The training employs the Adam optimizer with a learning rate of $10^{-4}$, adjusted by a multiplicative learning rate scheduler. The authors ensure a fair comparison with baseline models by maintaining identical hyperparameter settings and architectures. For the distributed framework (DF), mini-batch sizes are adjusted based on the number of relays to prevent memory overflow on the GPU. The models are trained and tested across different signal-to-noise ratios (SNRs) of -5, -10, and -15 dB, leading to the training of 12 distinct DF models. Additionally, for the quantization framework (QF) multi-hop setting, the validation outputs are processed using K-means clustering to compute quantization centers, and the test set is evaluated through a quantization-dequantization process, with results detailed in subsequent sections.

Discussion

In this section, the authors discuss a multi-hop wireless image transmission framework utilizing Deep Joint Source-Channel Coding (DeepJSCC) and Deep Hash Distillation (DHD) to enhance semantic alignment in reconstructed images. The problem is formulated around transmitting a source image $ S $ through $ r $ relay nodes connected by additive white Gaussian noise (AWGN) channels. The performance is evaluated using average Peak Signal-to-Noise Ratio (PSNR) and Learned Perceptual Image Patch Similarity (LPIPS), with the latter providing a better alignment with human perception. The proposed scheme integrates a DHD module that generates semantic hashes to facilitate improved image reconstruction quality, particularly in terms of perceptual similarity.

The experimental results indicate that while the proposed DeepJSCC-DHD scheme achieves higher perceptual quality (lower LPIPS scores) compared to baseline methods, it exhibits a trade-off with PSNR, particularly as the number of hops increases.

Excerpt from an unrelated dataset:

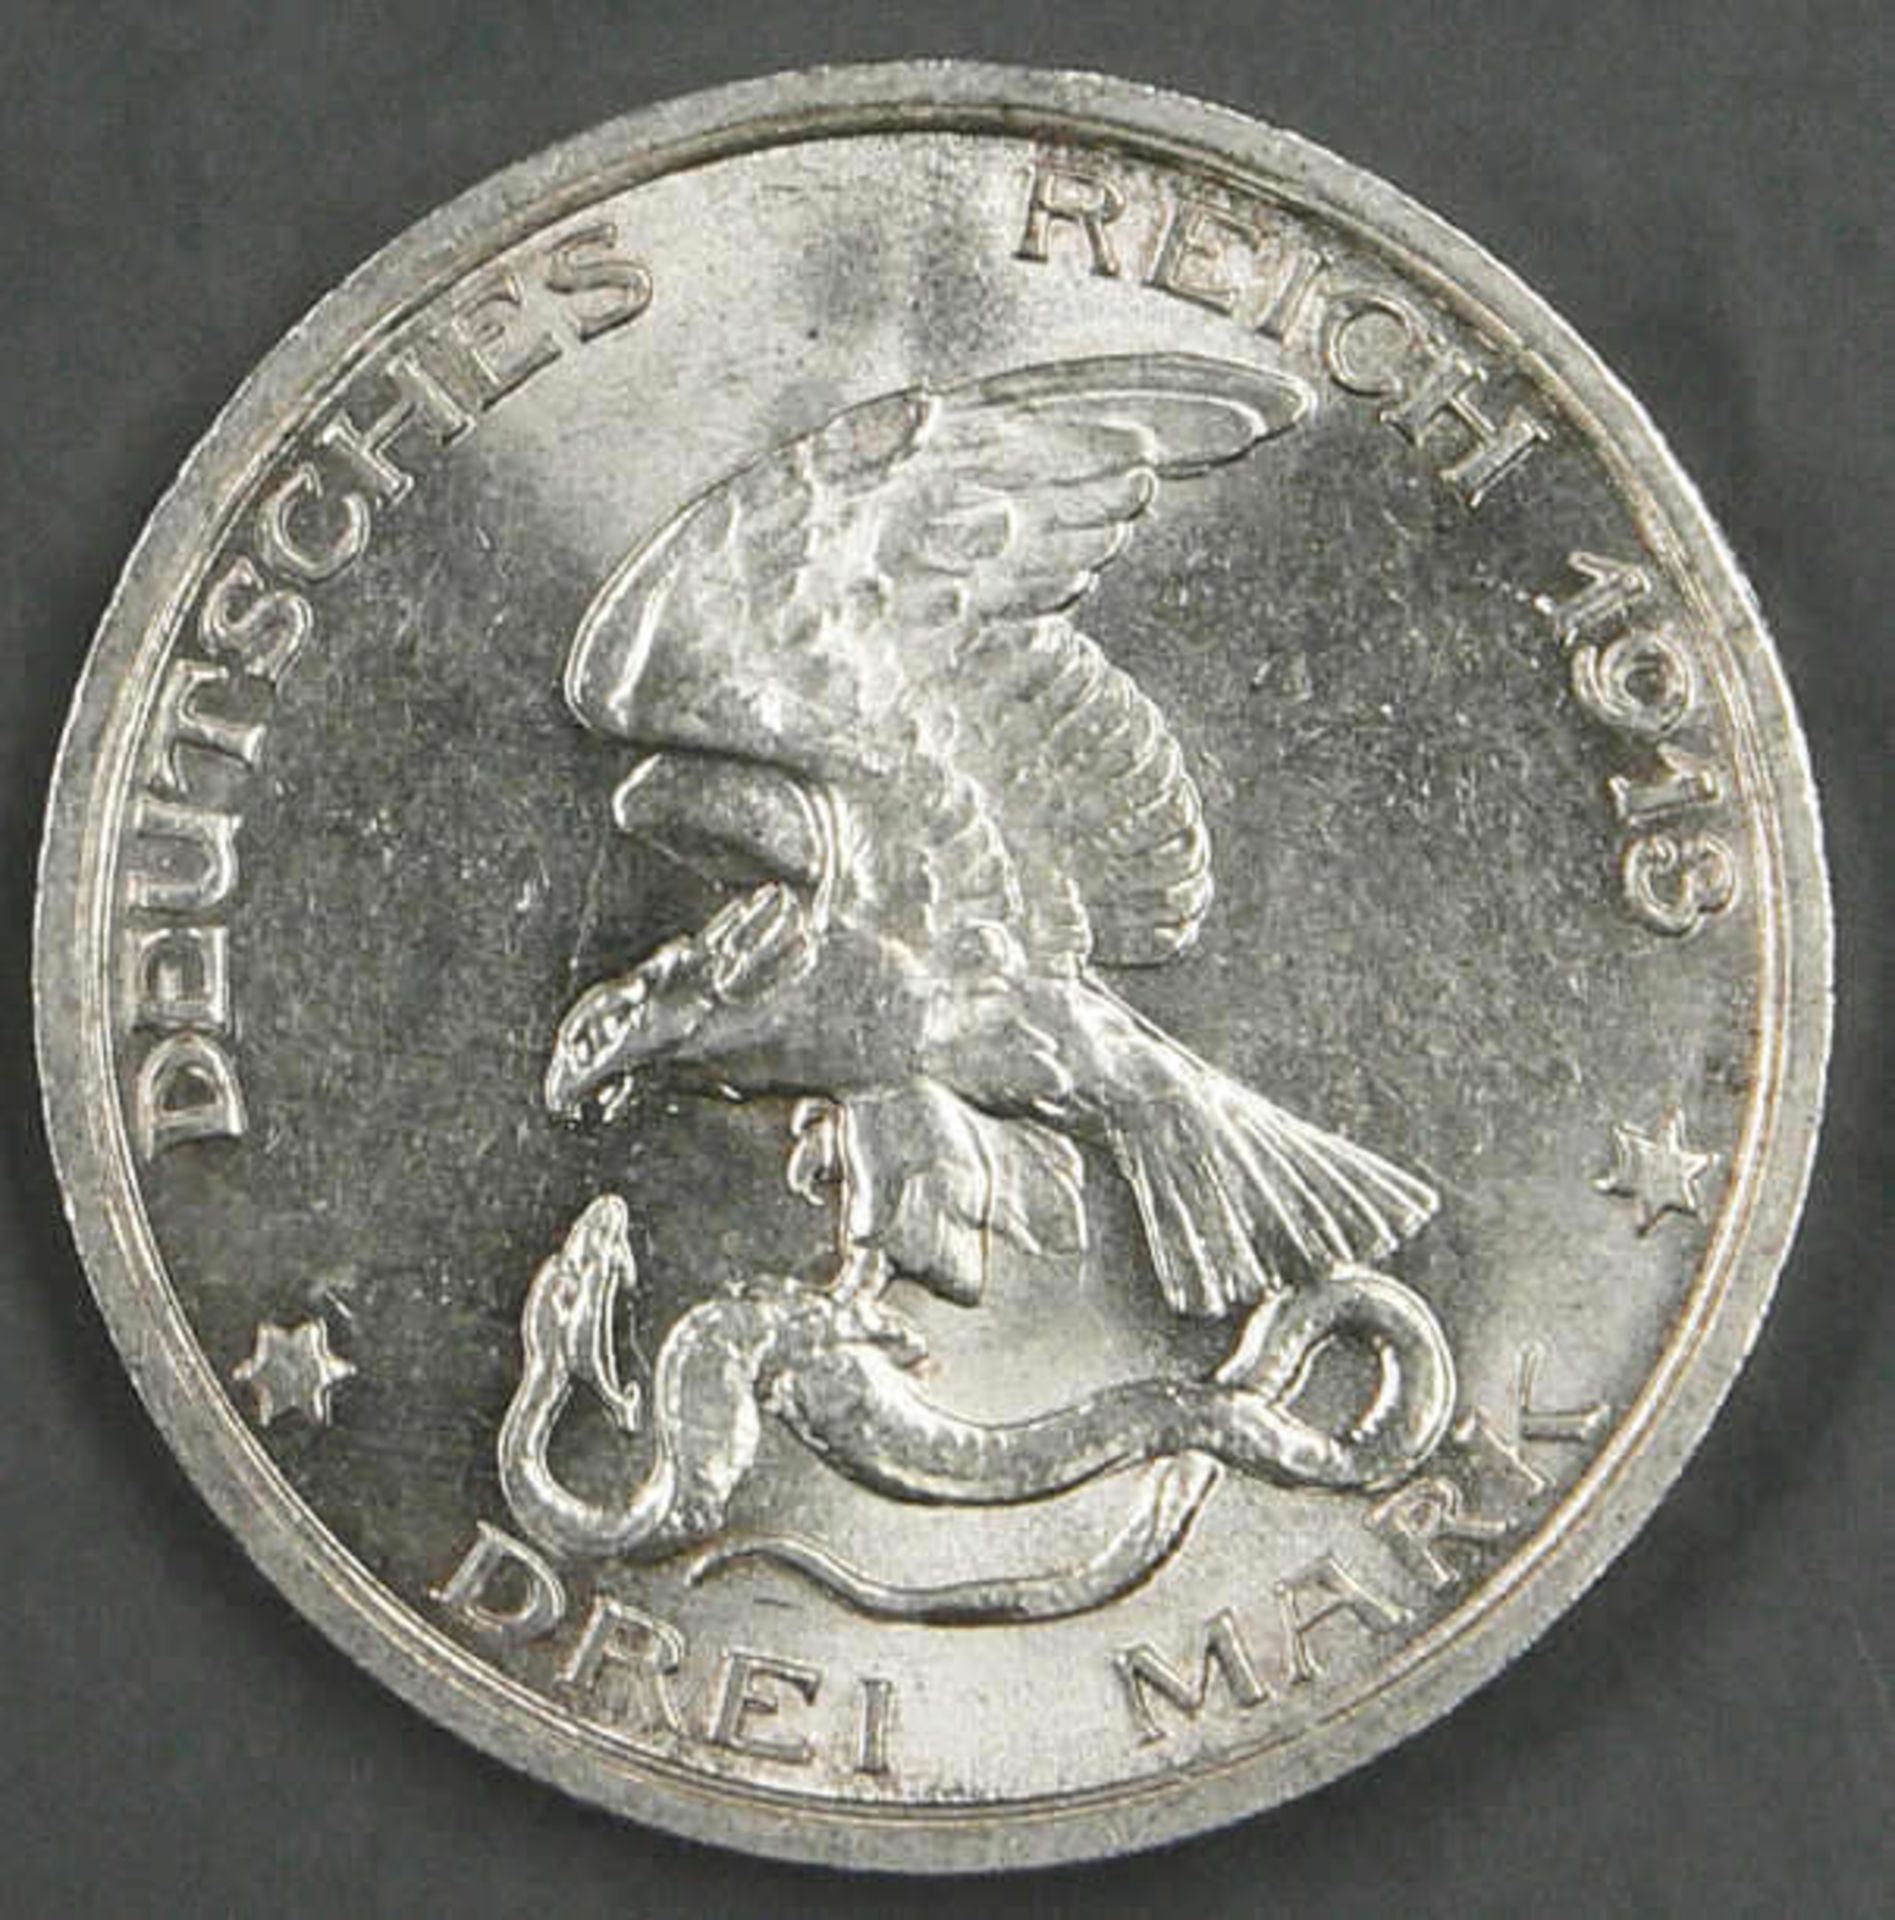 Deutsches Kaiserreich Preußen 1913. 3 Mark - Silbermünzen "Der König rief". Jaeger: 110. - Bild 2 aus 2

This suggests that the system prioritizes semantic alignment over pixel-wise accuracy. In the Quantize-and-Forward (QF) setting, the proposed method maintains stable semantic alignment even under high noise conditions, demonstrating its robustness and potential applicability in security-oriented contexts. Overall, the findings highlight the effectiveness of combining DeepJSCC with DHD for enhancing semantic alignment in multi-hop relaying systems, paving the way for future applications in perceptually-driven and secure image transmission.